A black-tailed jackrabbit tries to hide in the grasses

Whatever the road is, it has an important presence here. It is a scratch on the skin, slicing through the landscape without regard to it’s curves and undulations. It demands it’s own story.

After a few miles of hiking cross country, we get to the House Rock Valley road and start hiking down our own modern road of dust and occasional car.
Hiking House Rock Valley Road

The sun is hot and beating down on us. We are supposed to be at the Grand Canyon in two days and hike down to the bottom on the Nankoweap Trail, bushwhacked along the Colorado River on the north side, hitchhike across by boat, and then hike along on the south side of the river along the Beamer and Tanner Trails to the south rim of the Grand Canyon.

A Great Basin gopher snake glides away from us. They spend 90% of their time underground in burrows. Guess we caught this one in the 10% of it’s time above ground.

Ray and I discuss our options as it is now reaching the mid 90s in the bottom of the Grand Canyon. We have done the eastern section of the Hayduke Trail that goes through the Grand Canyon and have completed routes on both the north side and south sides of the Canyon. The eastern section of the Grand Canyon at the bottom opens up and with names like “Furnace Flats” it gets unbearably hot. We decide to hike to the Nankoweap trailhead where we hiked in the Grand Canyon one and one half years ago.

Map of our 9-day trip in 2016 from Nankoweap Trail all on the north side to the top of the rim on the Bright Angel trail on the south side. This is a much more difficult way than the traditional Hayduke route which uses the Beamer/Escalante/Tonto trails on the south side to connect Nankoweap to the Bright Angel trail.

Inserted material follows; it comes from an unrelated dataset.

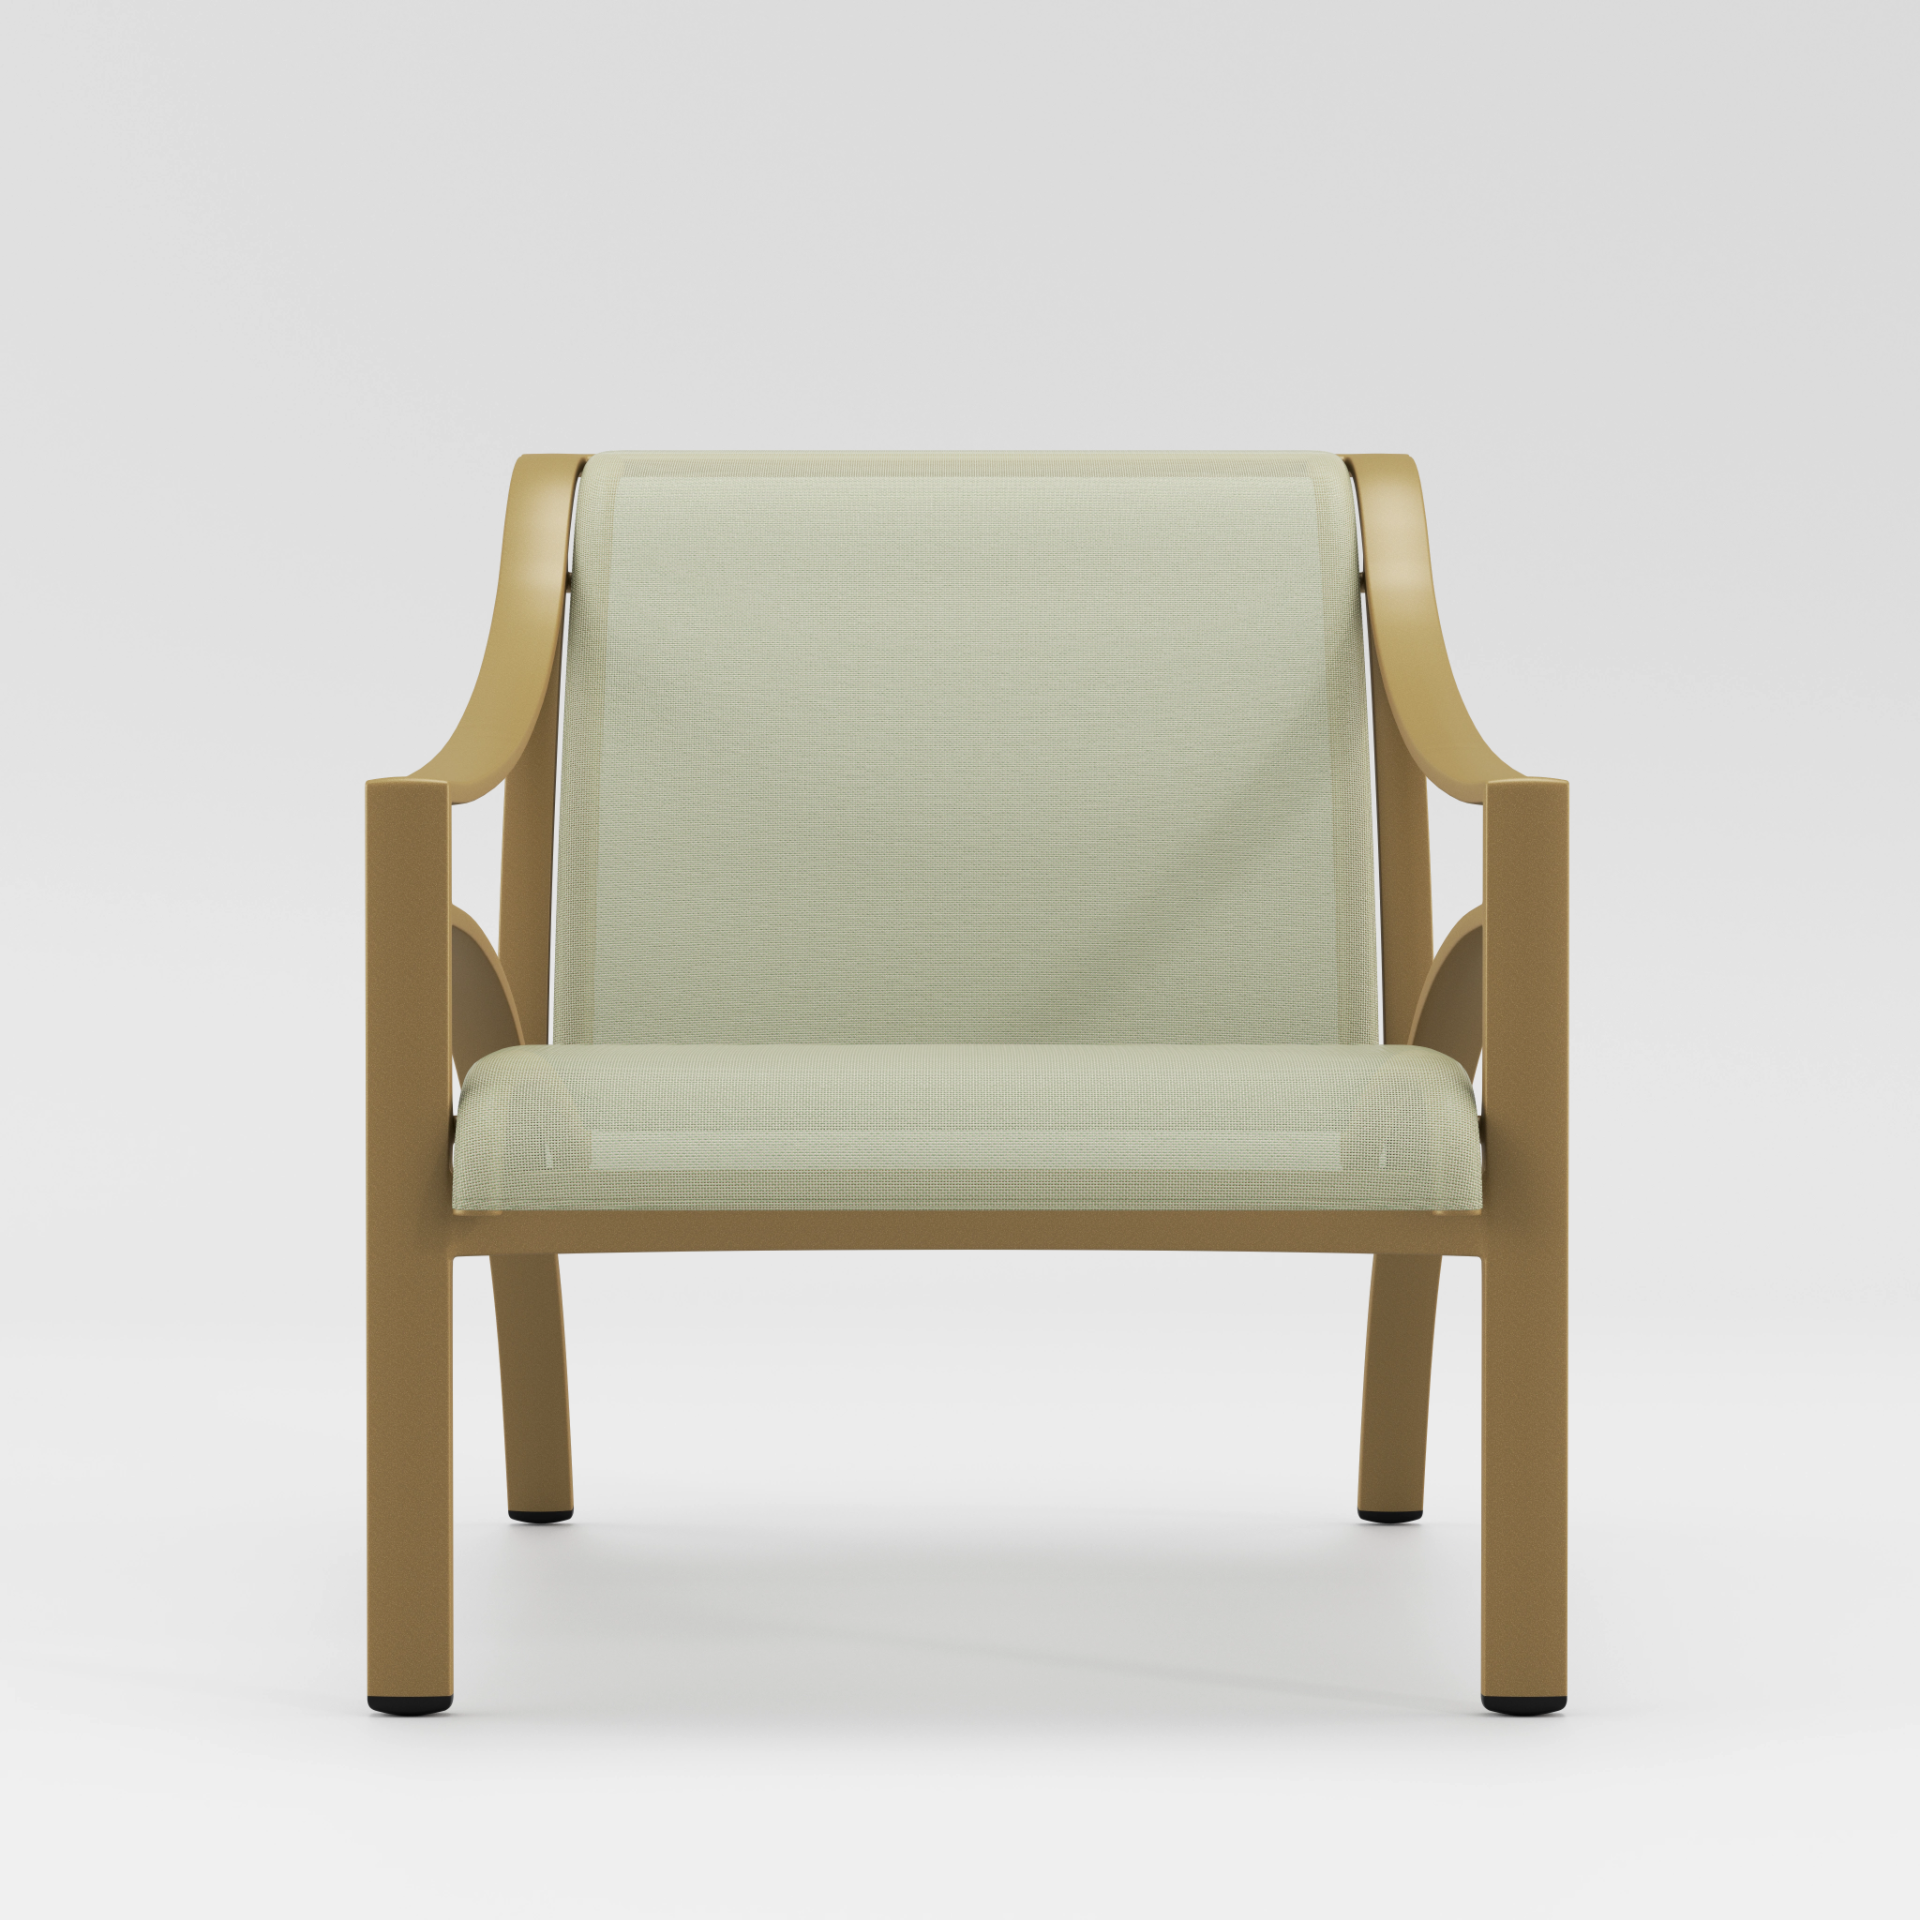 Pasadena Sling Lounge Chair by Brown Jordan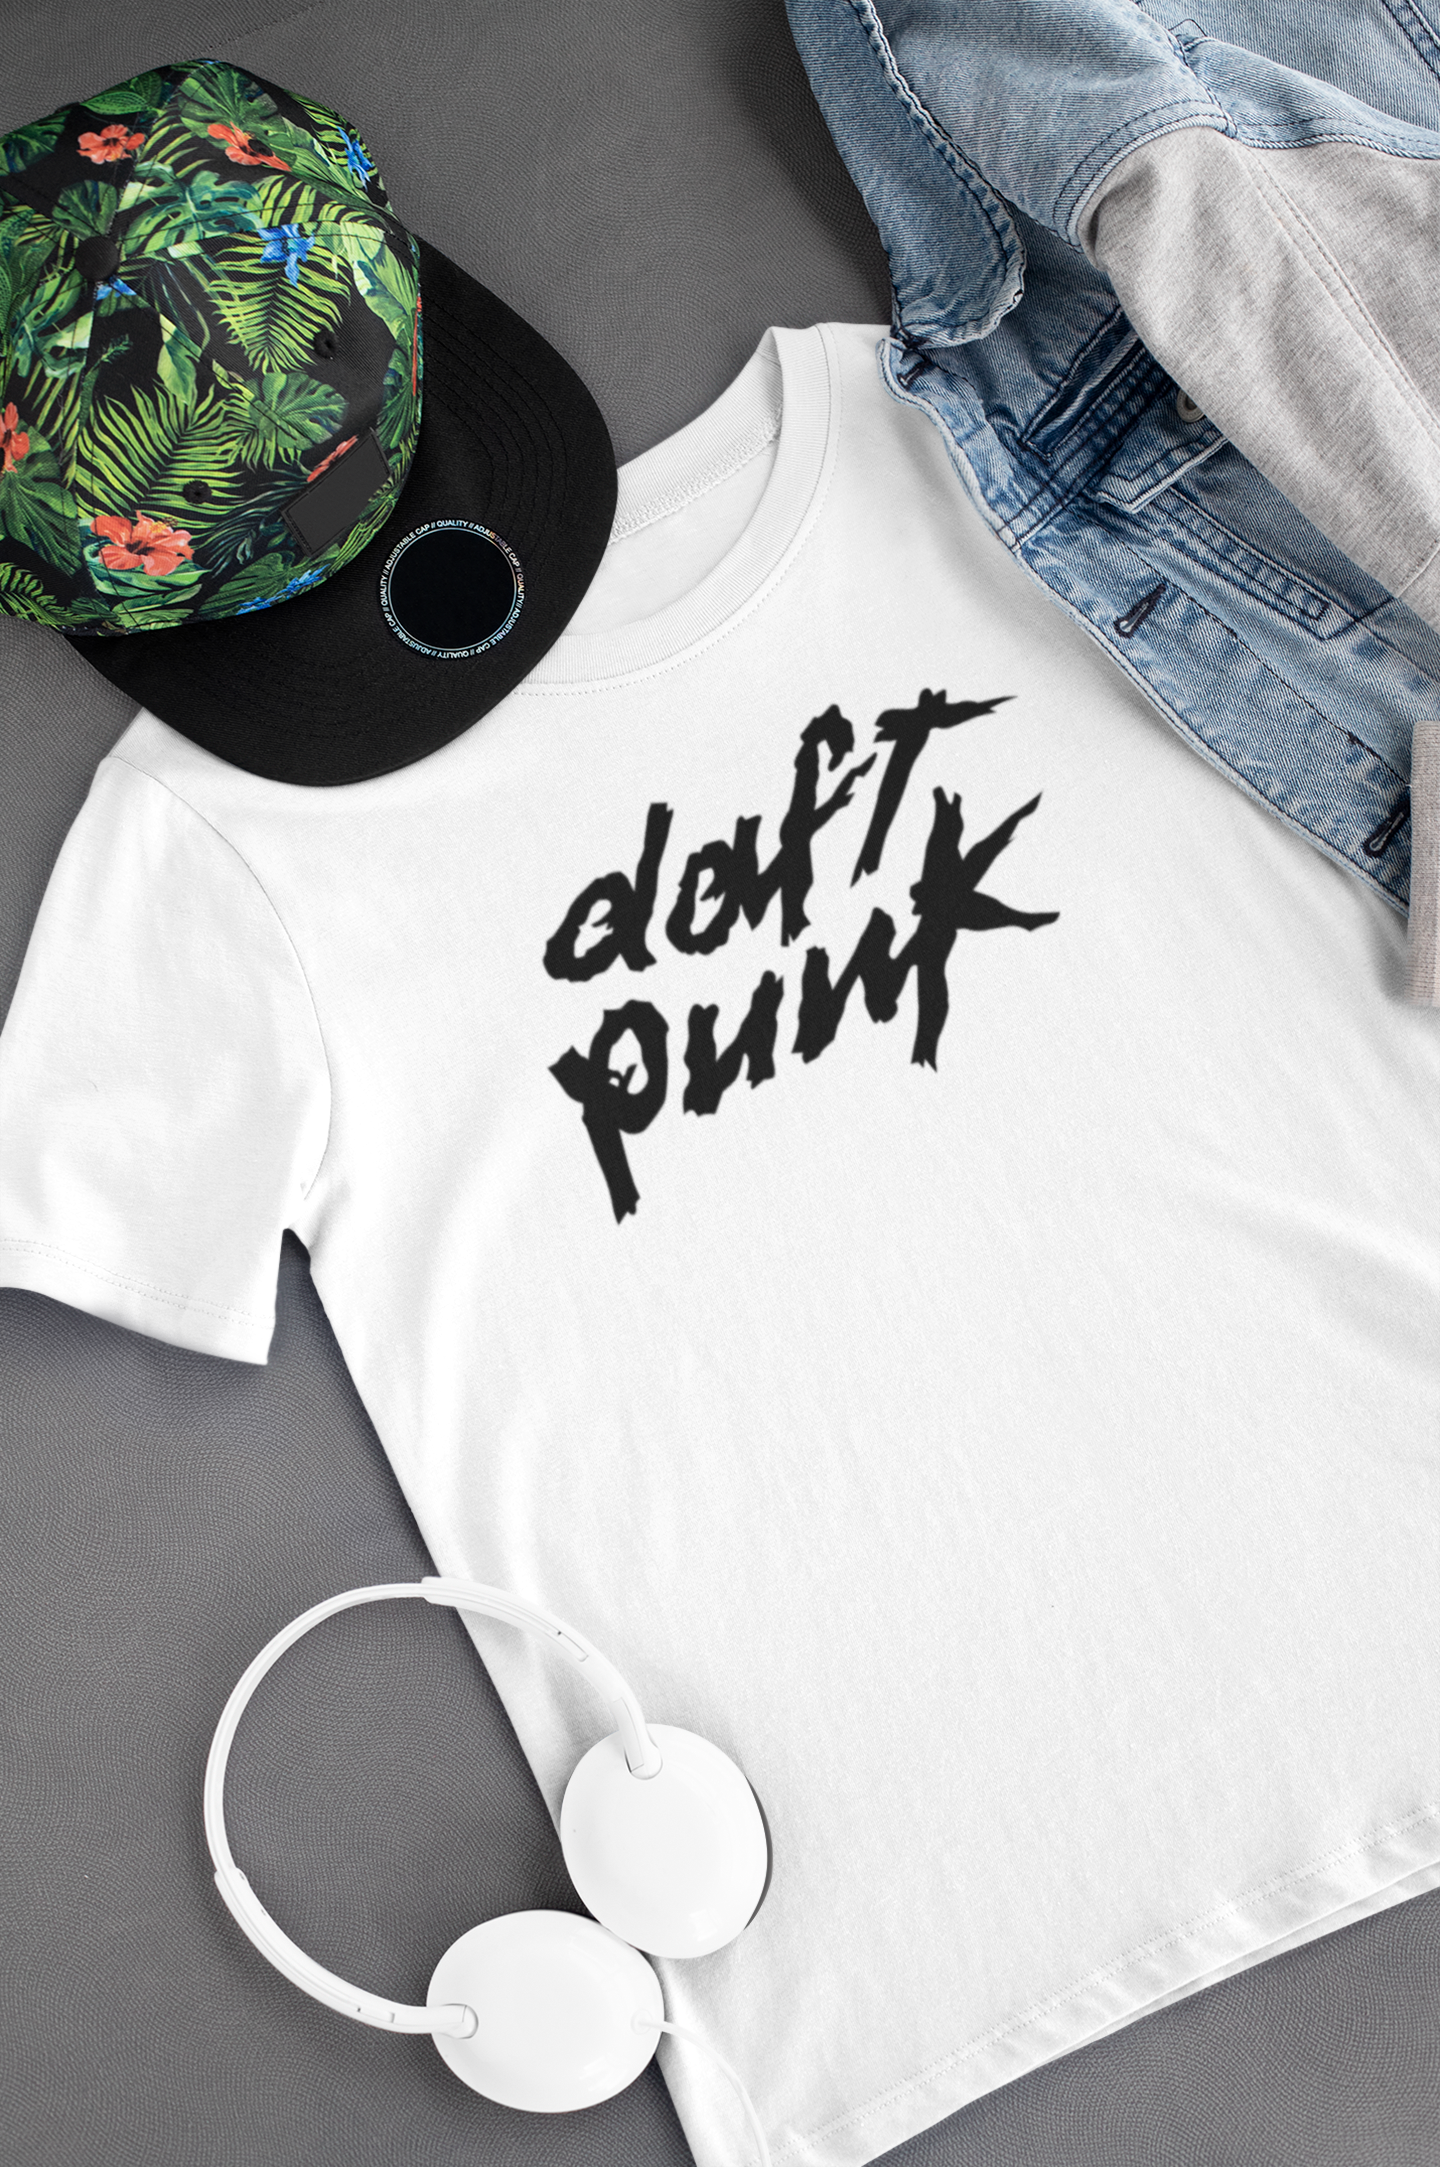 Camiseta "Daft Punk" Clássica - Música

We will not be redoing the section of the Hayduke starting at Nankoweap and going to the North Kaibab Trail because we have done it before (several times actually). We also are a little beat up from long days through the Vermilion Cliffs and Paria Canyon, and we need a new tent as the zipper is completely broken. So we revise our plan.

View towards the Saddle Mountain Wilderness

After connecting to Nankoweap Trailhead, we will shuttle cars, get new shoes and tent in Flagstaff, and start back on the trail at Bright Angel Trail in the Grand Canyon. We will then hike the Hayduke through the western part from Bright Angel, across to the North Kaibab Trail, through Saddle Canyon and out to Crazy Jug, down to Deer Creek, along the Colorado and up Kanab Creek. We have done most of this part as well but it has been over 25 years ago for some portions (Deer Creek and along the river to Kanab Creek) and some of it will be new for us like North Kaibab to the north rim and Saddle Canyon to Crazy Jug.

We hike the House Rock Valley Road to Nankoweap Trailhead in a day and a half. Now it is time to clean up and get ready for the Grand Canyon.
It is not always easy to get an action shot of a kangaroo rat! Kangaroo rats get all their water from dew condensation and seeds.